There are two major categories of fiber – soluble and insoluble. Within those groups there are many different types and the “slimy” kind found in okra is mucilage. Other sub-types include: cellulose, hemicellulose, pectins, gums, inulin, psyllium and polydextrose polyols. If you’re a label reader, I’m sure you recognize many of these words.
Soluble fibers seem to be useful for both the person with diabetes (as it causes sugar to get a slow release into the bloodstream) and those concerned about cardiovascular health (it binds with some of cholesterol’s building blocks). I don’t think okra is terribly unique in those functions, many vegetables carry the same benefits.
Now back to the slimy part, that’s probably the reason that okra is a more common ingredient in a gumbo, soup or stew than as a stand alone vegetable – you don’t notice the slime there. You might call it “body”.

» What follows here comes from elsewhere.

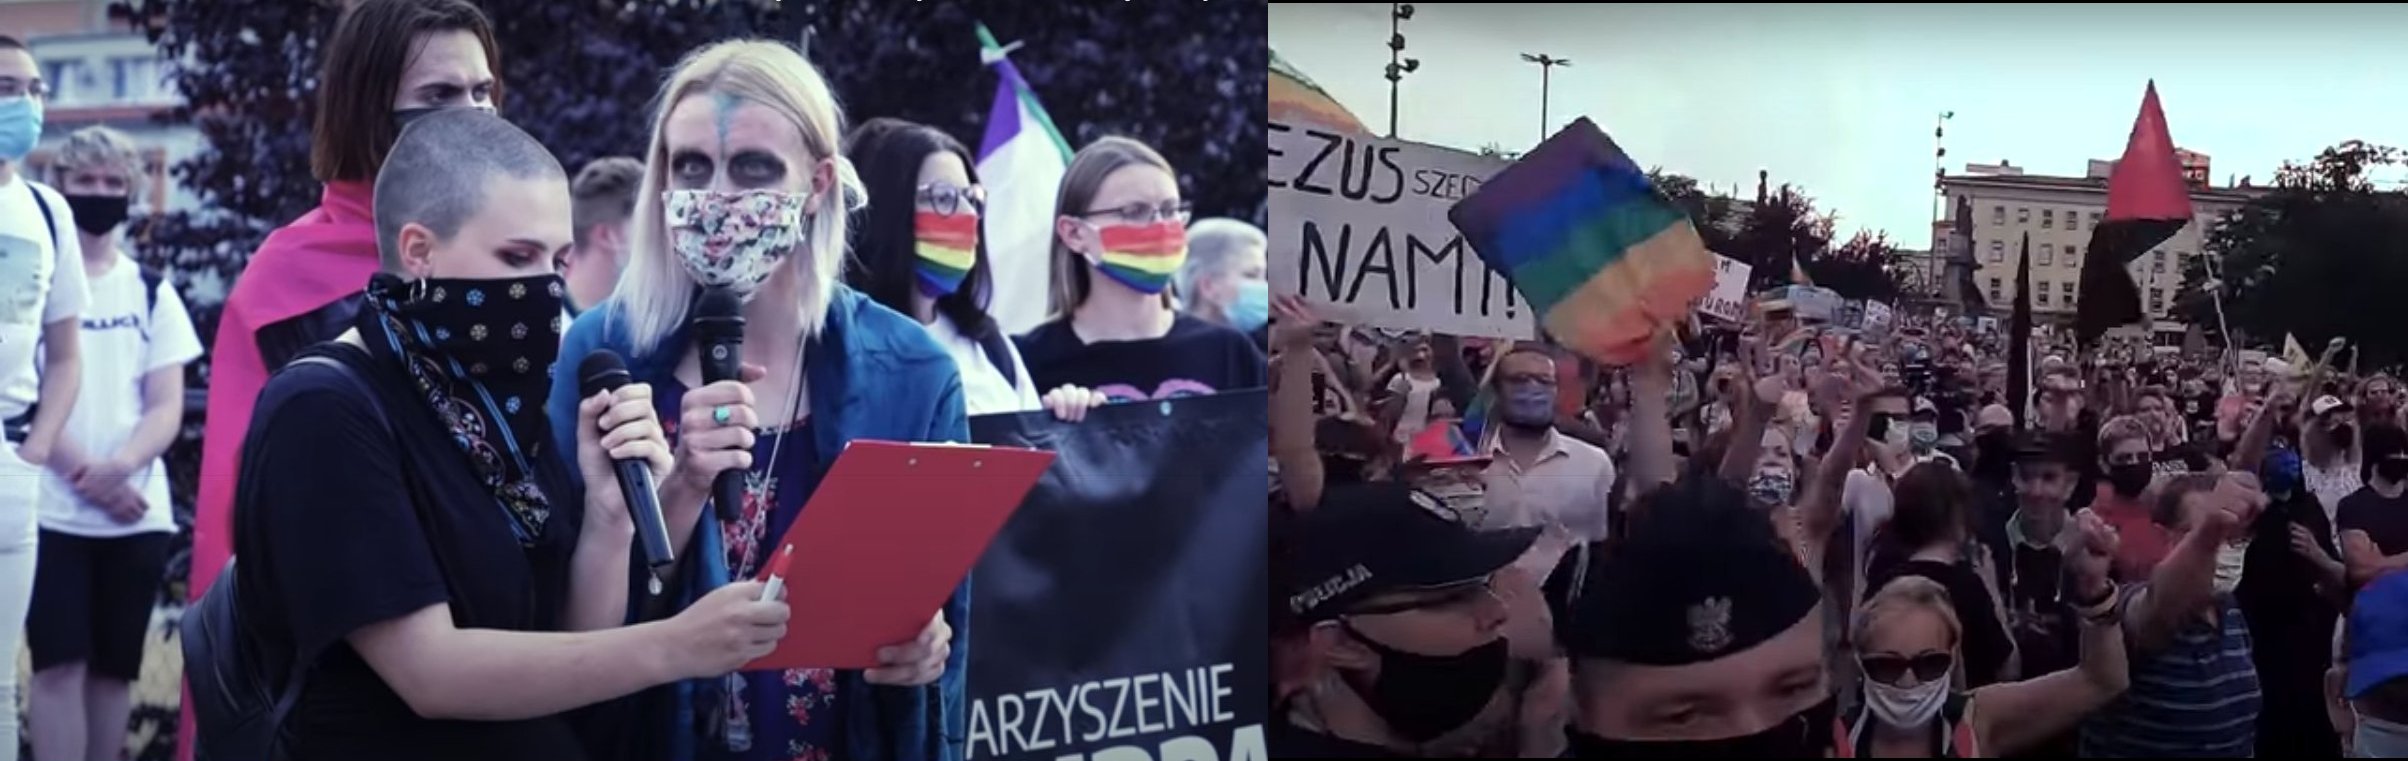 Absurdy na wiecu LGBT - Margot
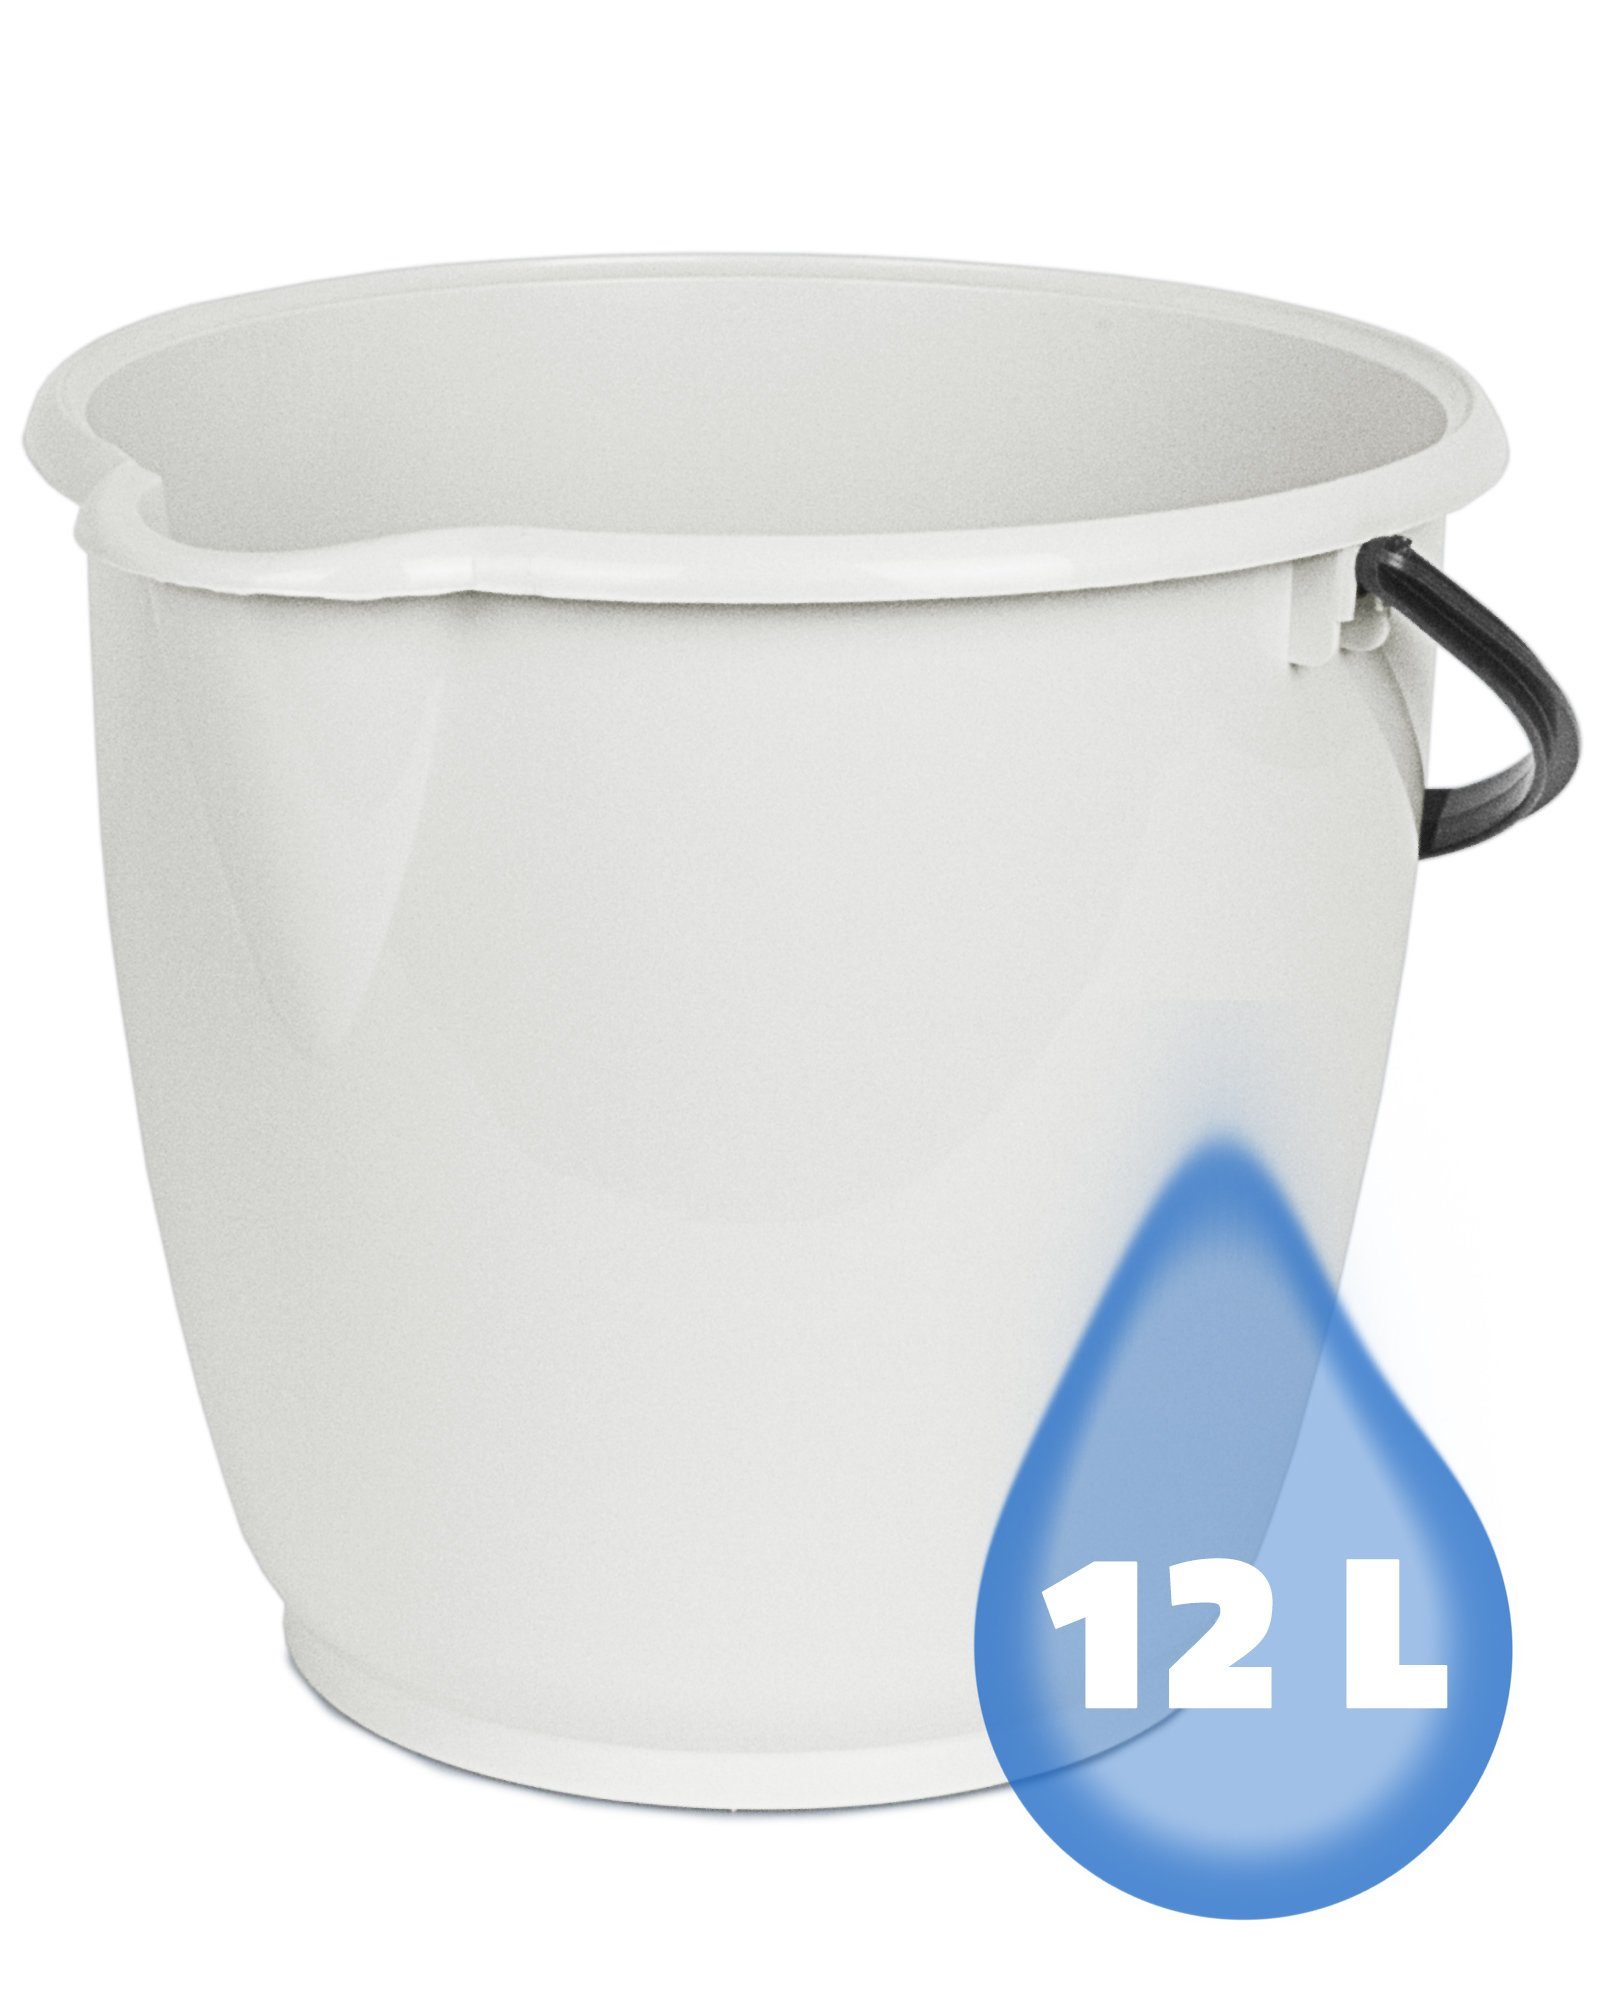 Haushaltseimer 12 mit Liter Ausguss grau Kunststoffbügel, & Plastikeimer ONDIS24 Putzeimer Füllstandsanzeige

While botanically the okra pod is a fruit, the plant’s nutritional profile more closely matches most vegetables. Okra is very low in calories with a negligible amount of fat; it provides vitamins C and K and of course fiber.
Again, like many plant foods, you get the bonus of other plant chemicals like lutein and beta carotene and zeaxanthin.
To avoid the slime, most cookbooks advise NOT adding water to the okra – so dry heat and dare I say it – fried. Cindy, my fresh okra provider, said you’ll love it quickly pan sautéed in a bit of olive oil, salt, pepper and then toss some cornmeal in at the end. I’ve got to admit, it was pretty darn tasty.
PS Linguini Day is September 15 in case anyone needs encouragement to eat pasta!!